I'll have a look at ChainMap, but I was hoping people would remember where a lot of the requests for this stuff came from. Things seems to have gone well away from the original requests - not in a bad way, but I am worried that we will end up with something which will end up with a bunch of old issues being reopened.
@andyferris, I'd hate to see the requirement for @fuse
macros sprinkled all over the place. And since the semantics depend on whether f.(g.(x))
is fusing or non-fusing, it's hard to change our minds and make it fusing later if it were non-fusing now.
I'd hate to see the requirement for
@fuse
macros sprinkled all over the place
@stevengj Very true - I'd prefer it to be automatic. My primary comment was that things other than broadcast
can be achieved with a macro rather than ..
syntax (it was just a side note that we could use a fusion macro, though as you point out there may be semantic challenges).
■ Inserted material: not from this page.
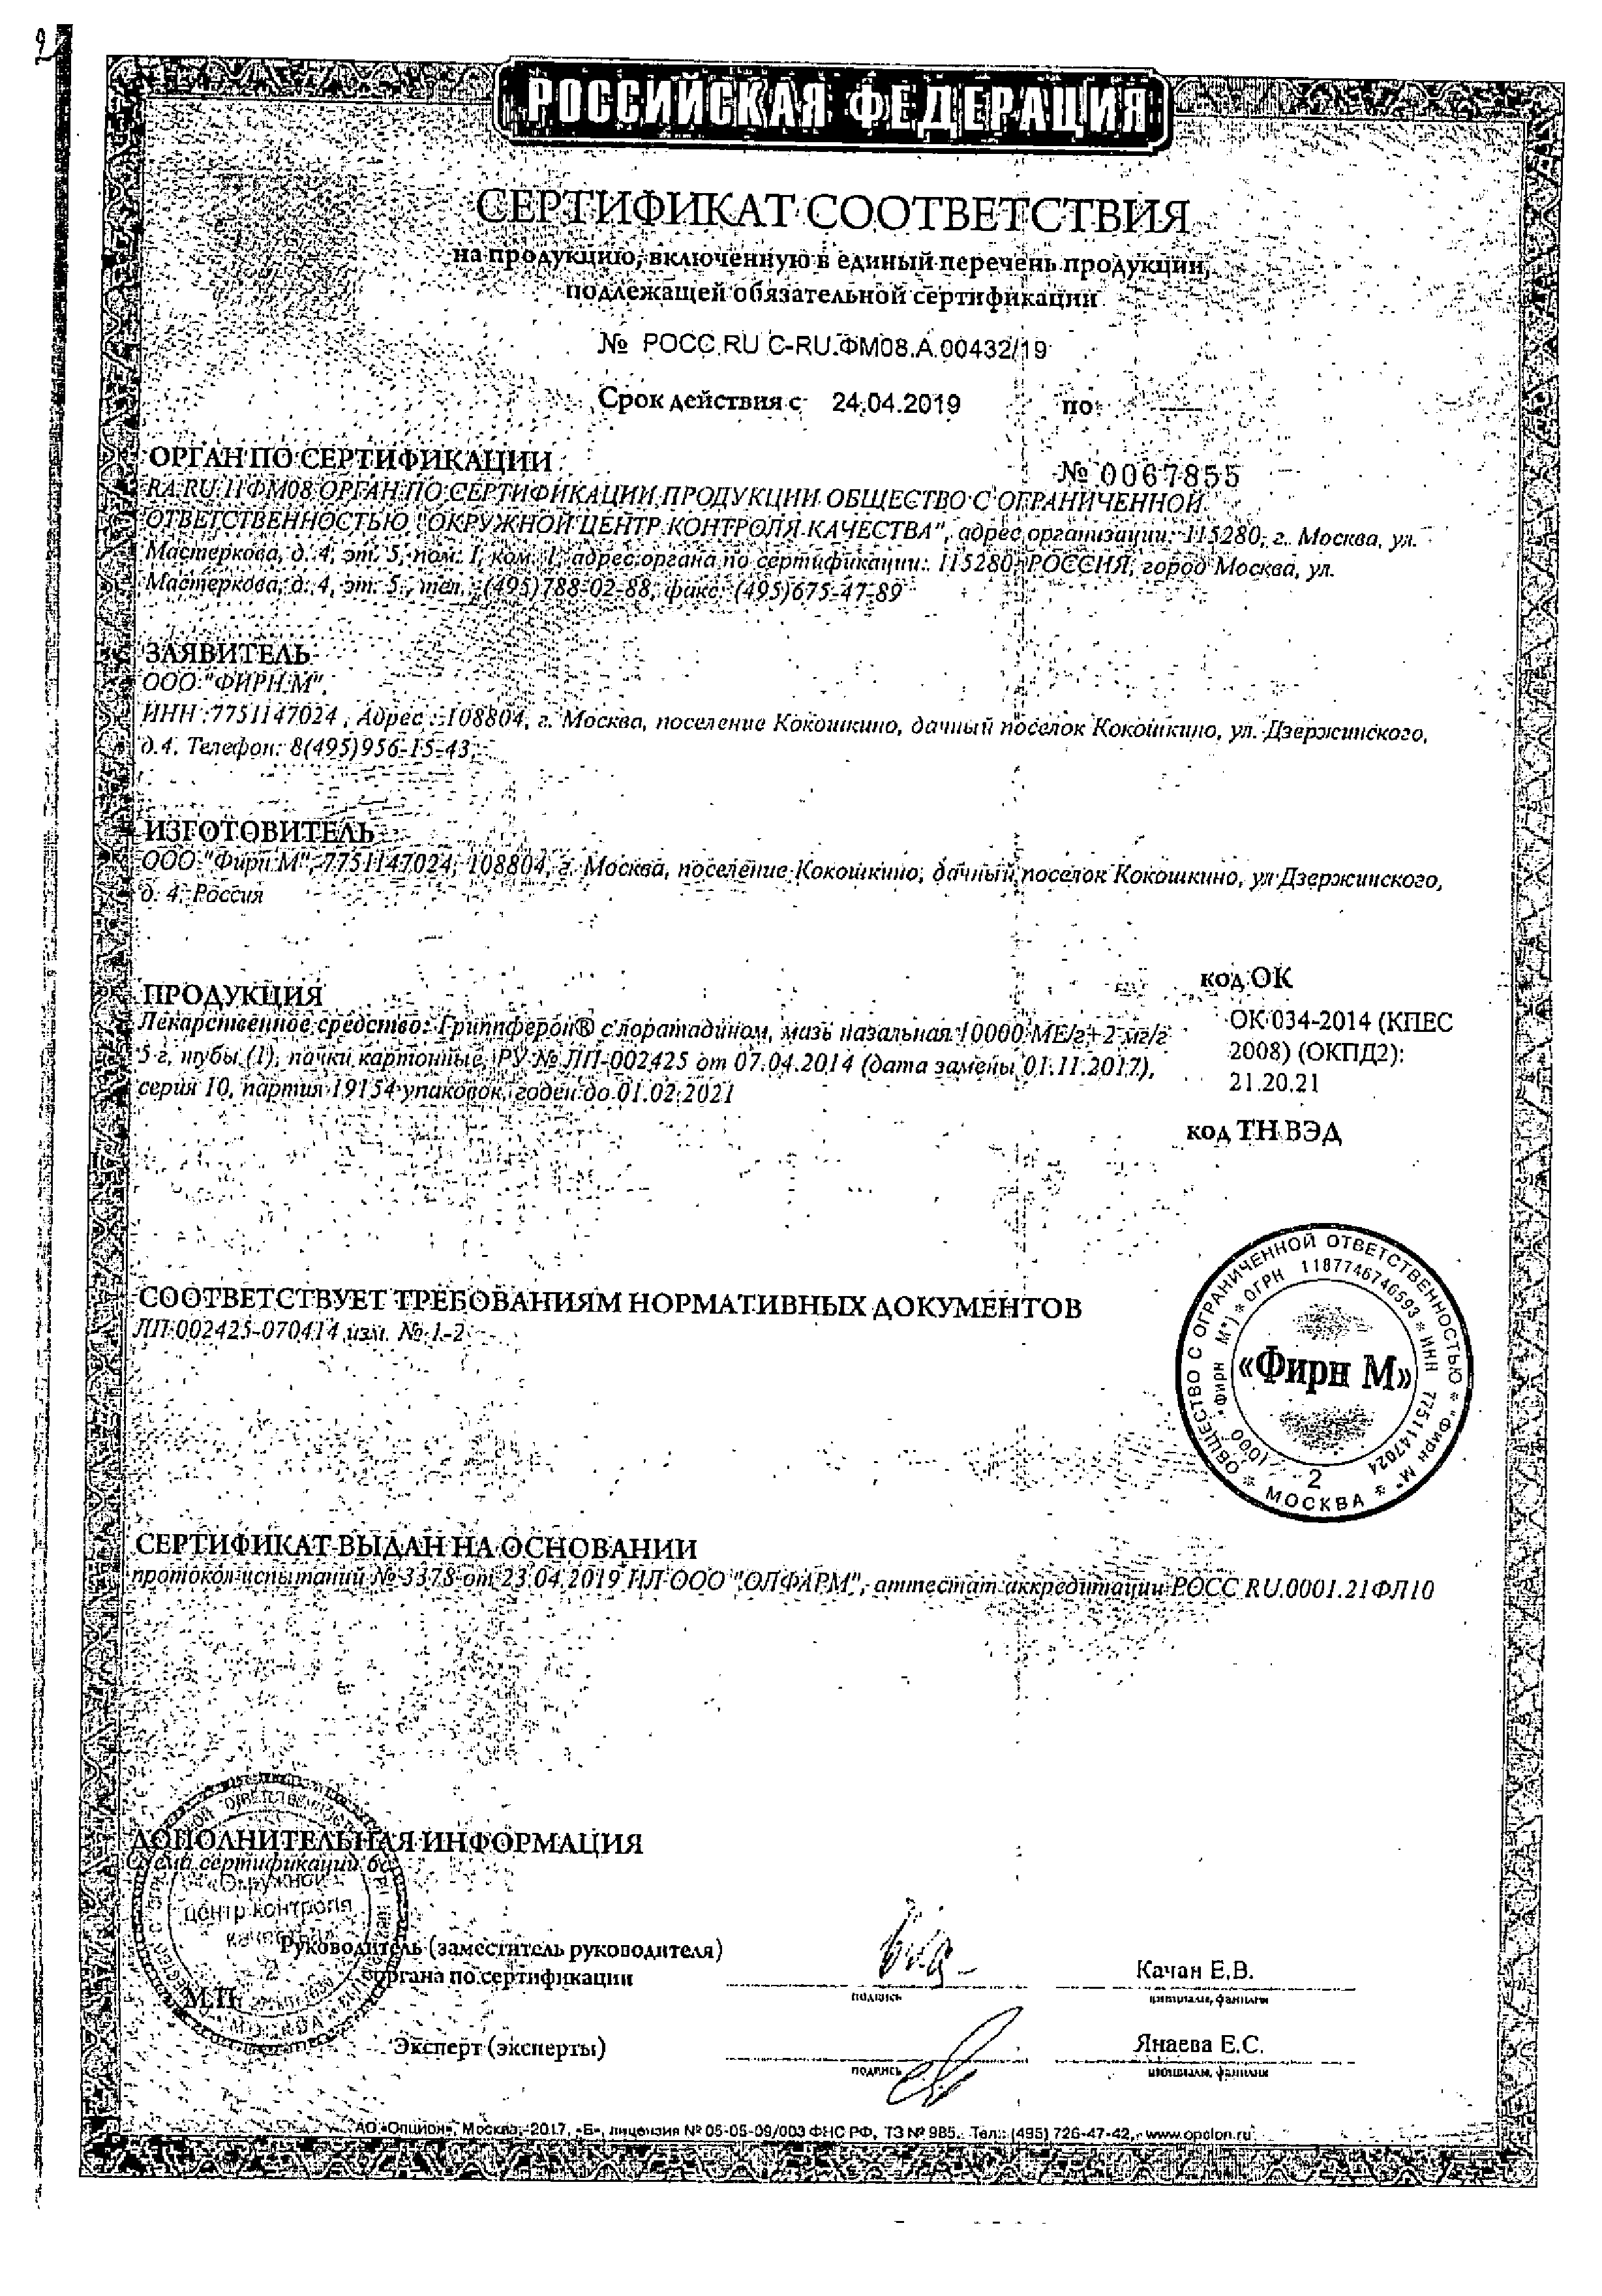 Гриппферон с лоратадином сертификат

Another cool thing to do would be to convert
x .= reduce..(args...)
to
reduce!(x, dot_parsed_args...)
for any functional programming function. To do that would probably require solving the syntax mess around !. Maybe
x .= reduce..(args...)
would go to
inplace(x, reduce, dot_parsed_args...)
where
inplace(x, f::reduce, args...) = reduce!(x, args...)
that would enable things like
x .= push..(2)
maybe. If I'm not just confusing myself
After further thought,
reduce..(broadcast..(mapslices..(args1...), args2...), arg3...)
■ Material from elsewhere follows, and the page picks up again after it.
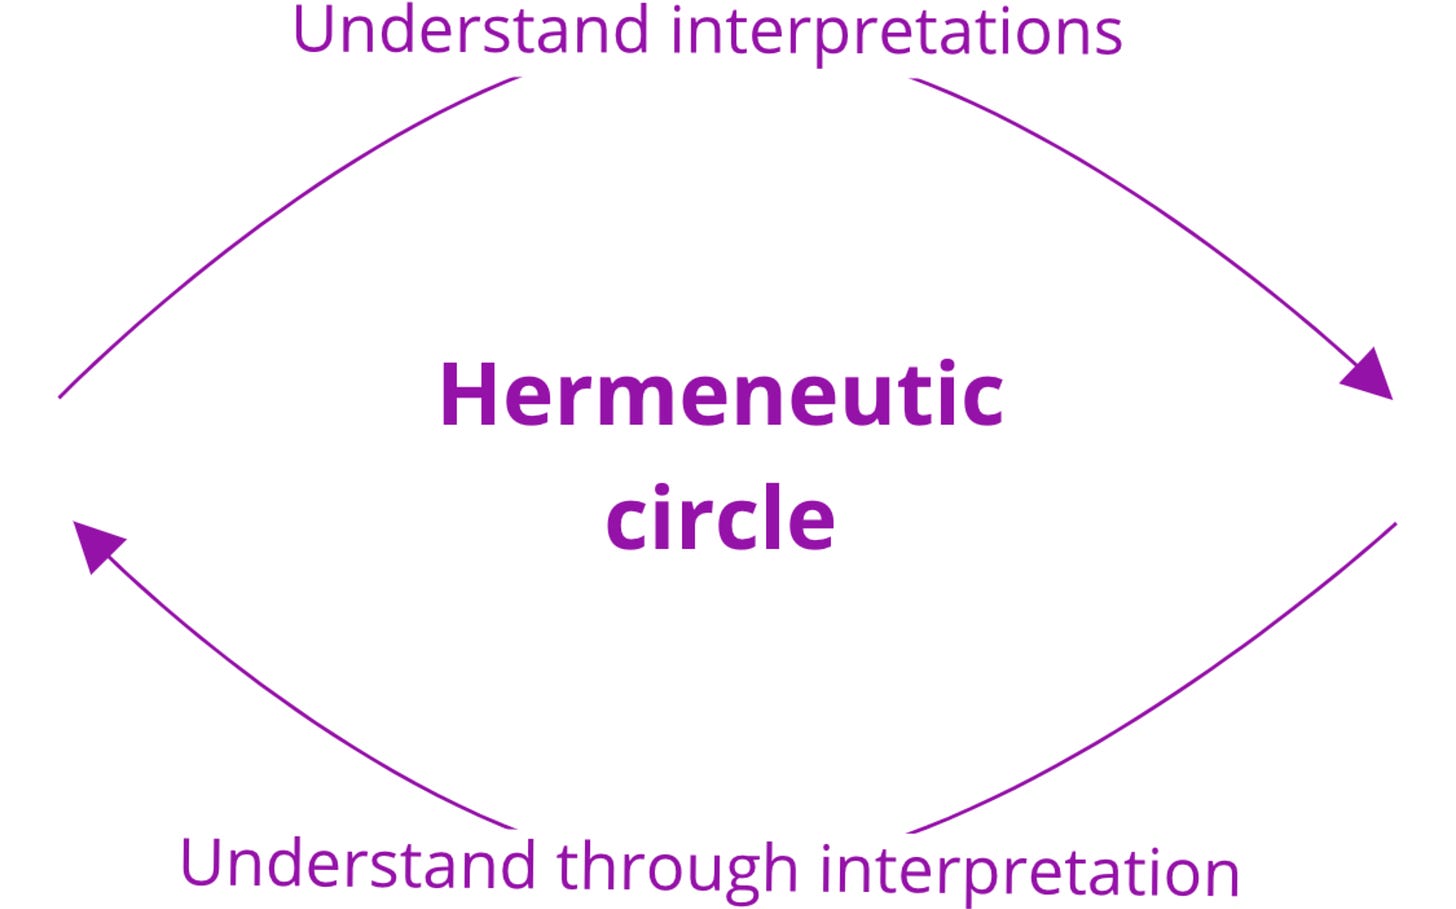 A graph showing understanding interpretations will lead to understanding through interpretation

could do something like call
function_fuse(reduce, broadcast, mapslice)(args1, args2, args3)
Where, for example,
function_fuse(f1::typeof(reduce), f2::typeof(map)) = mapreduce
The parser can just as easily add a !
rather than transforming to a call to inplace
. Either way, however, it is assuming that the requisite method exists.
Note that the master version of ChainMap.jl, which only passes for >=0.5, has experimental for "woven" functional programming.
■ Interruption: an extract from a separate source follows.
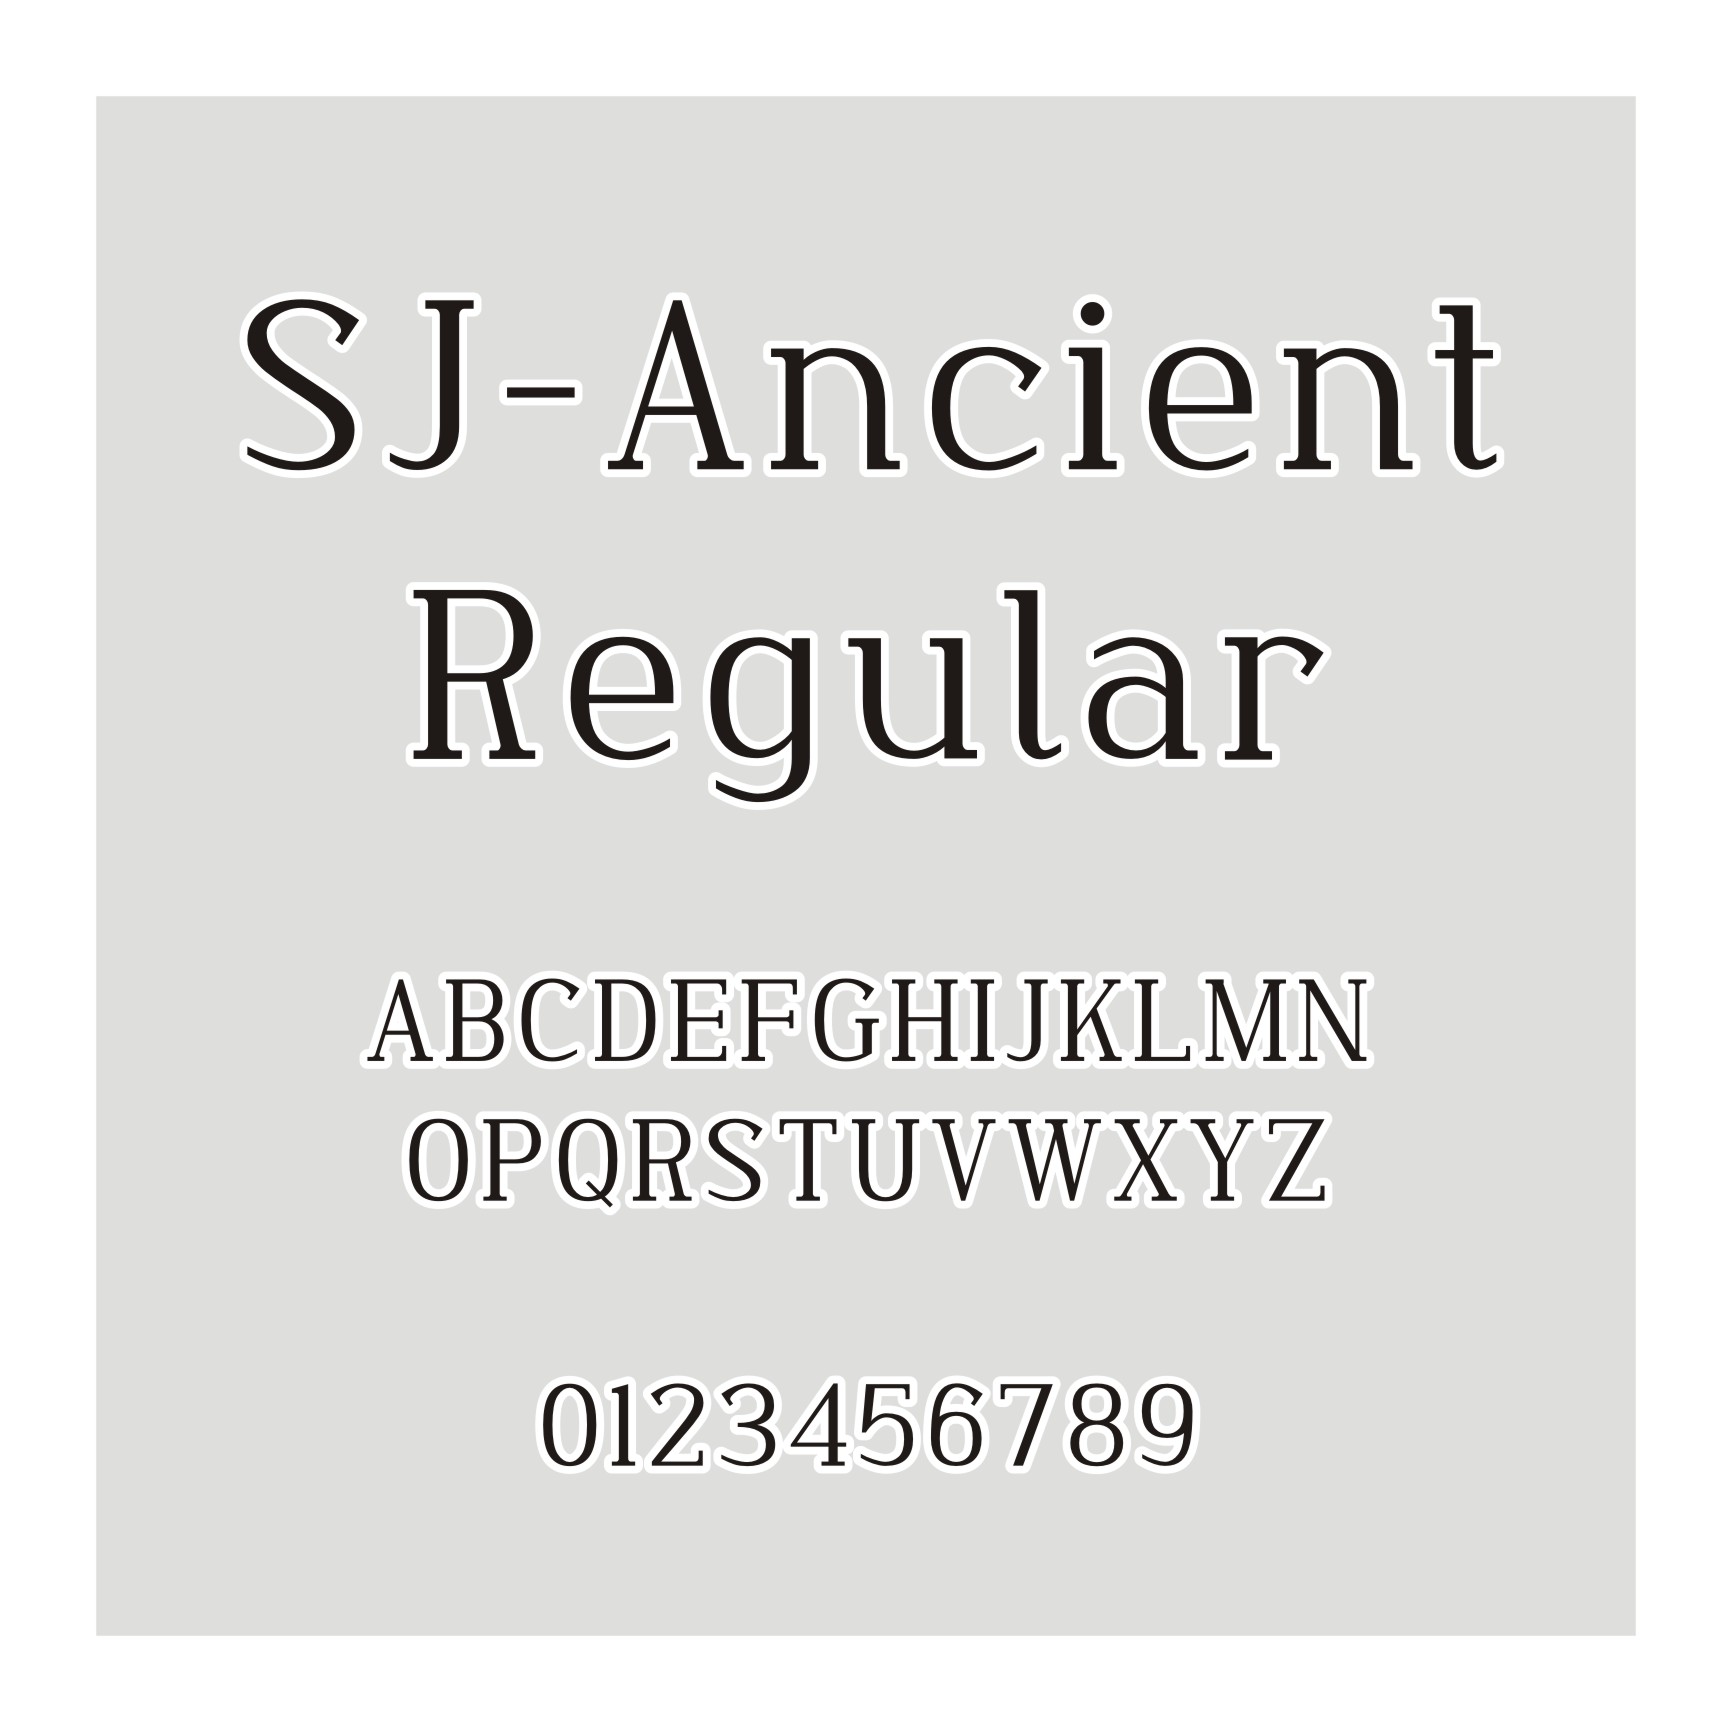  SJ-Ancient Regular

OK, I've gotten ChainMap into a place where it's relatively stable, and I'd like to propose an alternate method of dot vectorization based on the work there.
Here's an alternative.
Here's how the syntax would change:
map( ~ sin(~x + y) )
goes to map( LazyCall(x -> sin(x + y), x) )
broadcast( ~ sin(~x + ~y) )
goes to broadcast( LazyCall( (x, y) -> sin(x + y), x, y) )
mapreduce( ( ~ sin(~x + y) ), +)
goes to mapreduce( LazyCall( x -> sin(x + y), x), +)
Splats (needs more thought, I think)
~ f(~(x...) )
goes to LazyCall( (x...) -> f(x...), x...)
~ f(~(;x...) )
goes to LazyCall( (;x...) -> f(;x...); x...)
Advantages over the current system: 1) No ambiguity over what counts as a scalar and what doesn't 2) Reduction in the amount of dots necessary for a complicated expression 3) Support for non-broadcast operations 4) Support for passing multiple LazyCalls to one function 5) Partial support for lazy evaluation 6) No need for fusion
Disadvantages: 1) ~ is already taken as bit negation. @~ is taken for formulas. I like the symbol because it reminds me of a woven thread. But maybe another ascii character will do? 2) Not backwards compatible; people will need to learn a new system. 3) Less verbose 4) Not sure about performance impacts
All of this is implemented in ChainMap at the moment, aside from the new methods for map and friends. It can probably stay in a package for now if people aren't interested in adding it to base.
map( ~ sin(~x + y) ) goes to map( LazyCall(x -> sin(x + y), x) ) broadcast( ~ sin(~x + ~y) ) goes to broadcast( LazyCall( (x, y) -> sin(x + y), x, y) ) mapreduce( ( ~ sin(~x + y) ), +) goes to mapreduce( LazyCall( x -> sin(x + y), x), +)
I'm sorry, but I'm not seeing how this proposal would clean up code at all. What would ~x + ~y
be? And
2) Reduction in the amount of dots necessary for a complicated expression
Would be true, but there wouldn't be less ~
then there were .
.
While we are on the topic of new ideas, yesterday @c42f and I had some fun playing with the idea of "destructuring" an array.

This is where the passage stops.